ACTIVITY:
Write out all the entries word for word, but skip any images.

DATA SUPPLIED:
--- START ---

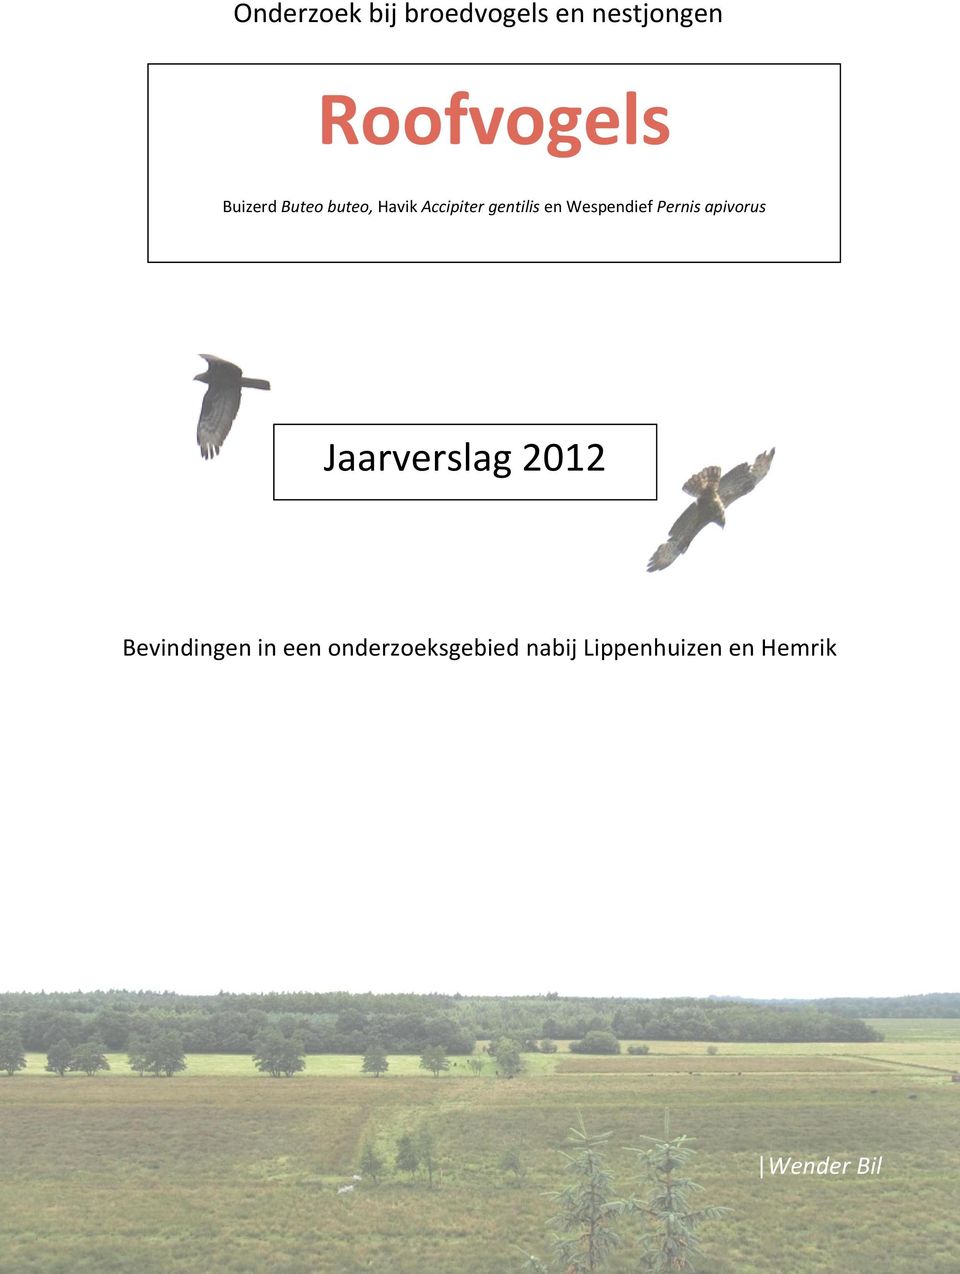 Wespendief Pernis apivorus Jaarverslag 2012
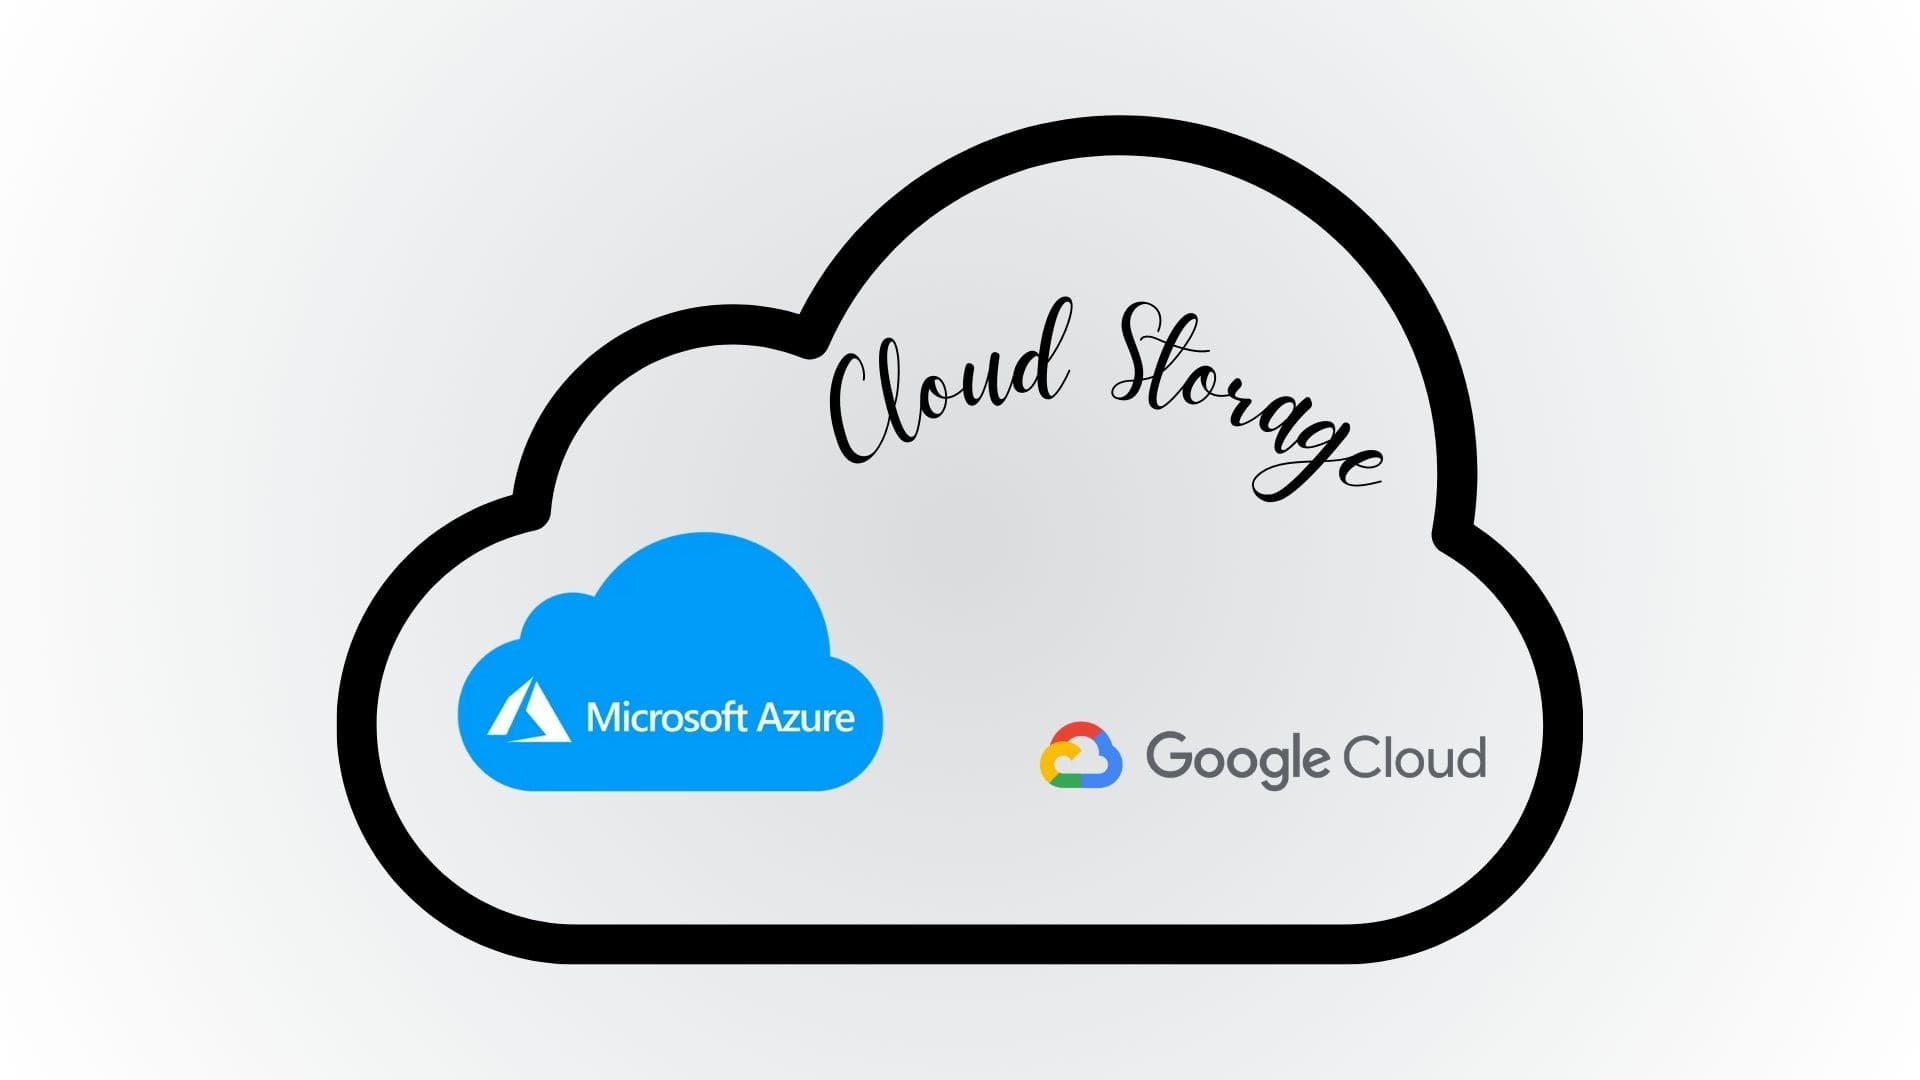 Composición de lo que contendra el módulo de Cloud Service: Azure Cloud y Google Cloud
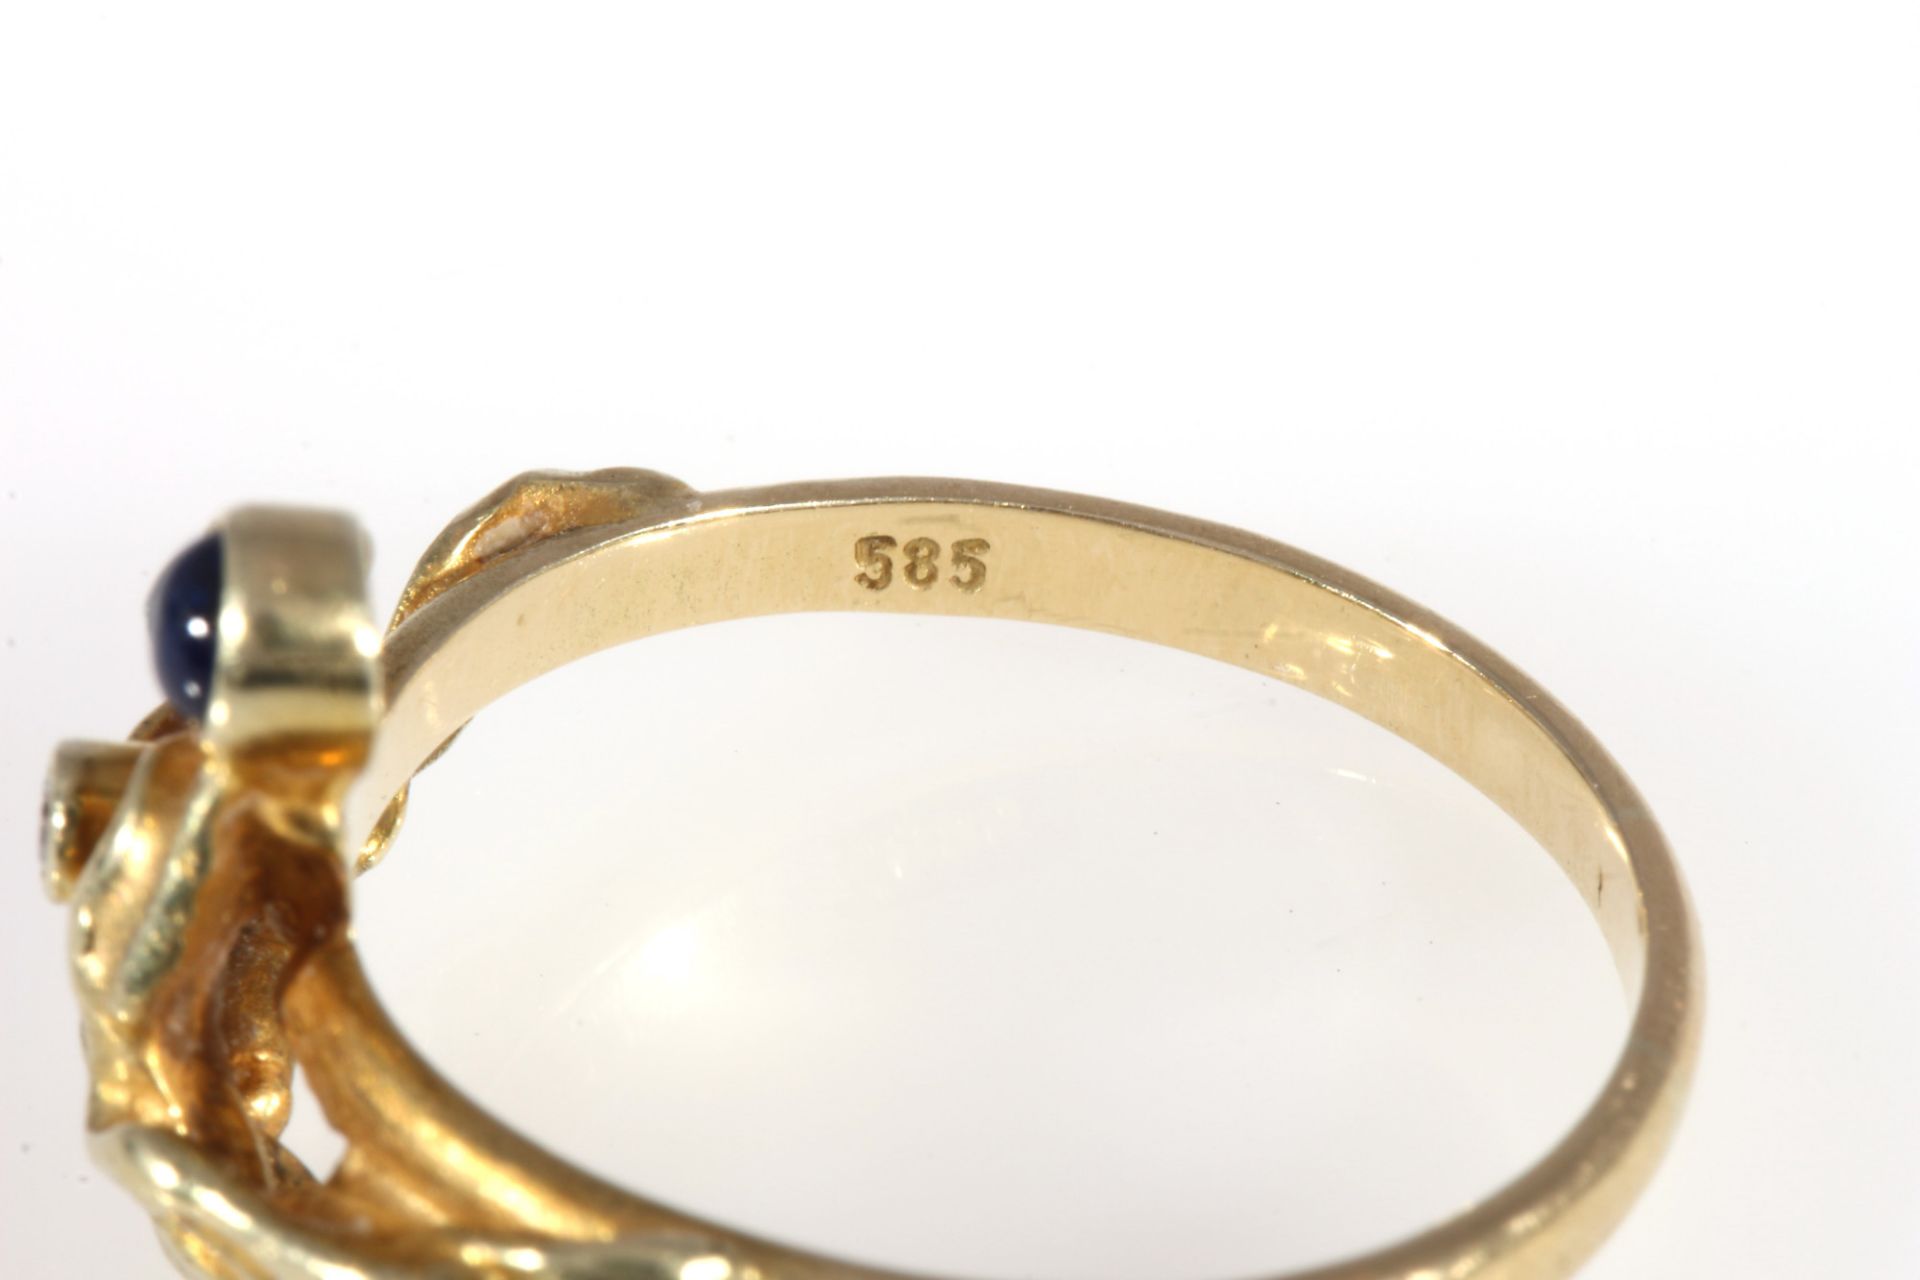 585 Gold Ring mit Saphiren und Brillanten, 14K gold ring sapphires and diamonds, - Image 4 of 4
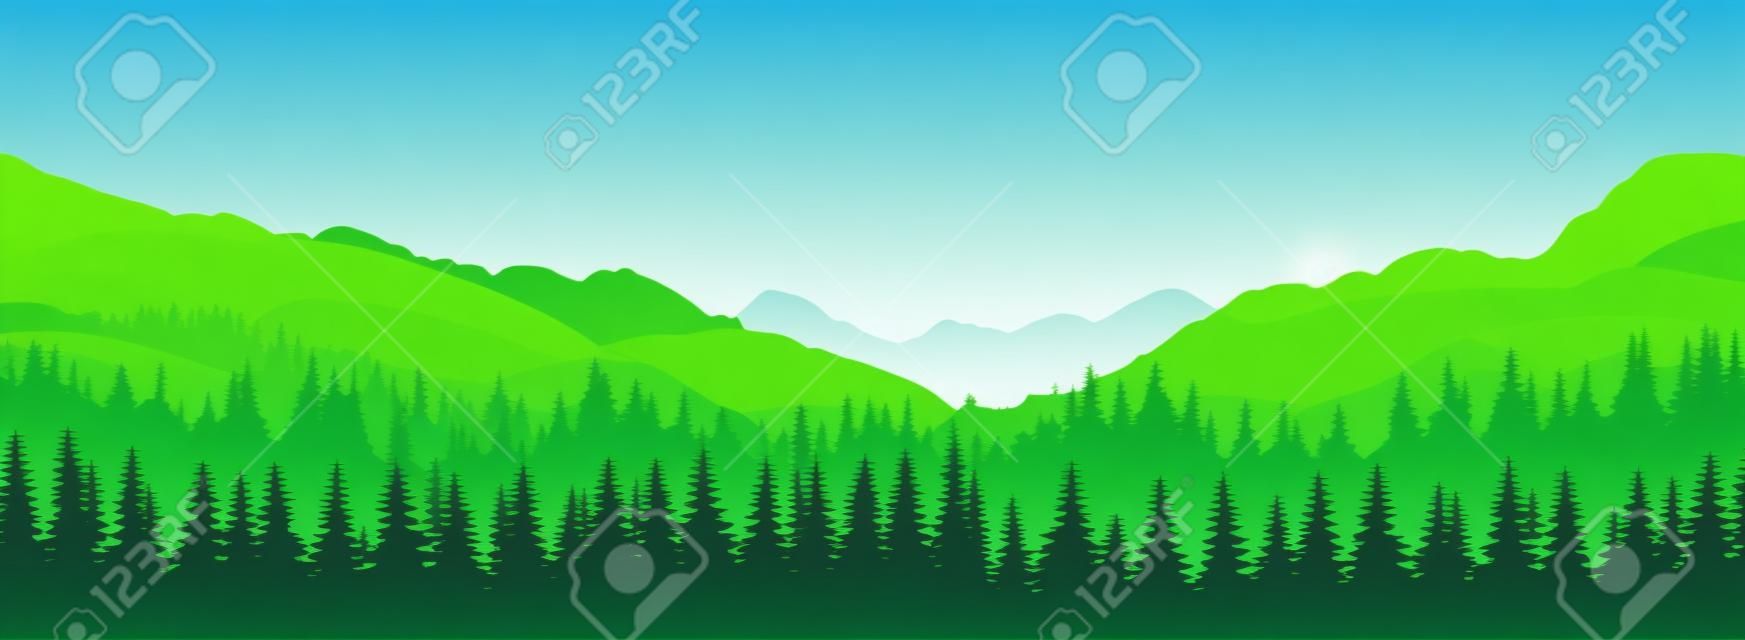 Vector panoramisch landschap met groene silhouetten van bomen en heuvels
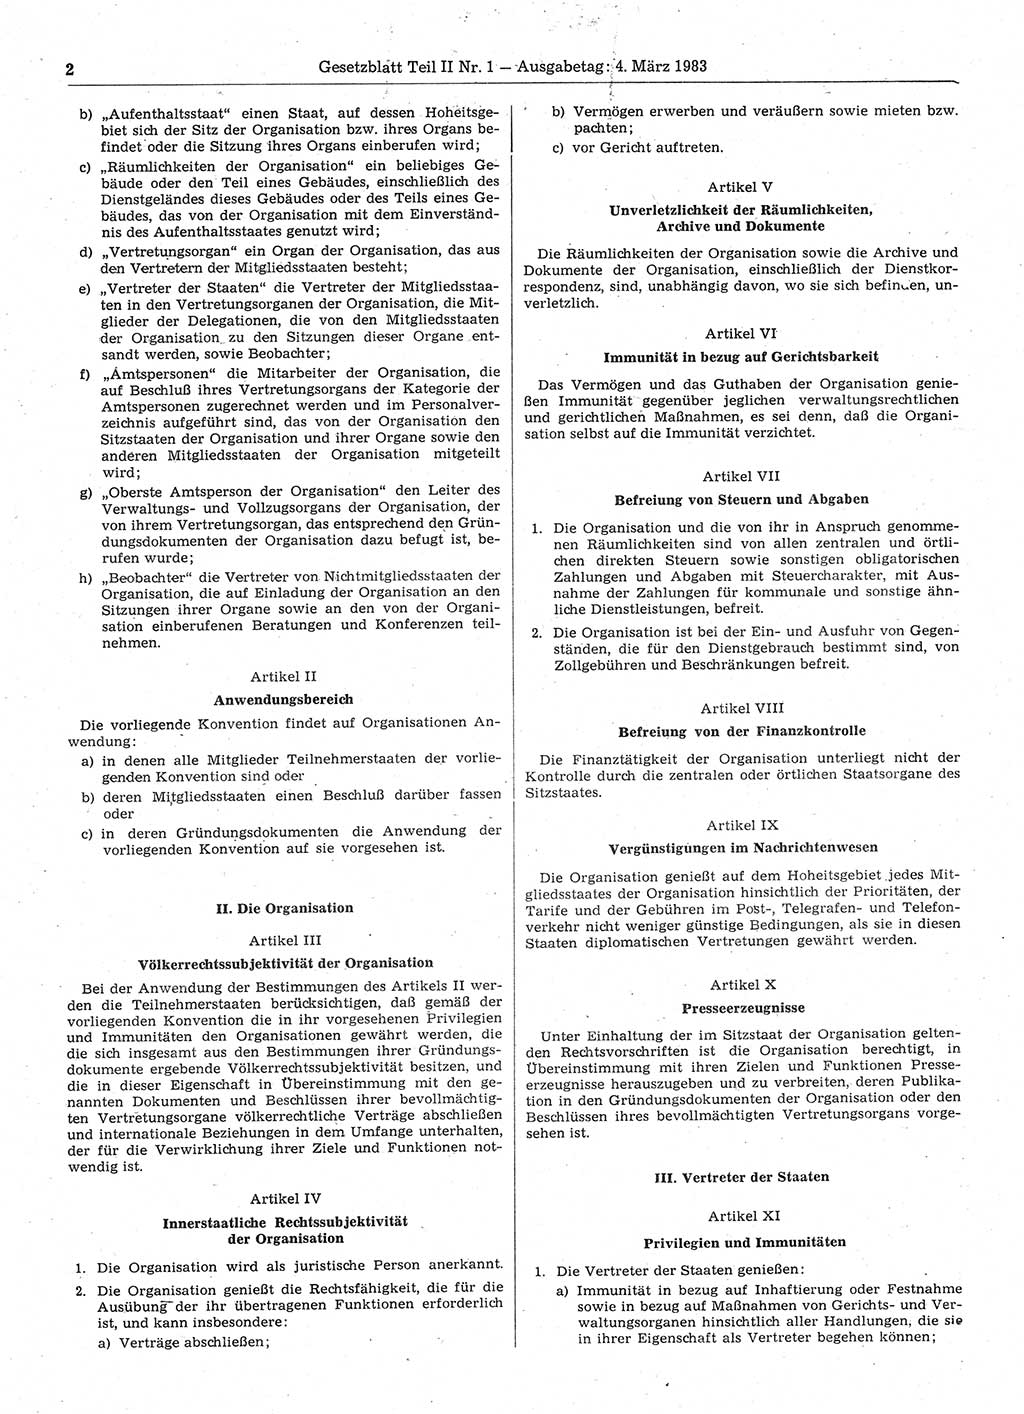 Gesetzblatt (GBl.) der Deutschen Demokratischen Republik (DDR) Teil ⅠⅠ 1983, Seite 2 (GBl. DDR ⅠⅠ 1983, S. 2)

--- END ---

SOLUTION:
 Wespendief Pernis apivorus Jaarverslag 2012
 Composición de lo que contendra el módulo de Cloud Service: Azure Cloud y Google Cloud
 585 Gold Ring mit Saphiren und Brillanten, 14K gold ring sapphires and diamonds, - Image 4 of 4
 Vector panoramisch landschap met groene silhouetten van bomen en heuvels
 Gesetzblatt (GBl.) der Deutschen Demokratischen Republik (DDR) Teil ⅠⅠ 1983, Seite 2 (GBl. DDR ⅠⅠ 1983, S. 2)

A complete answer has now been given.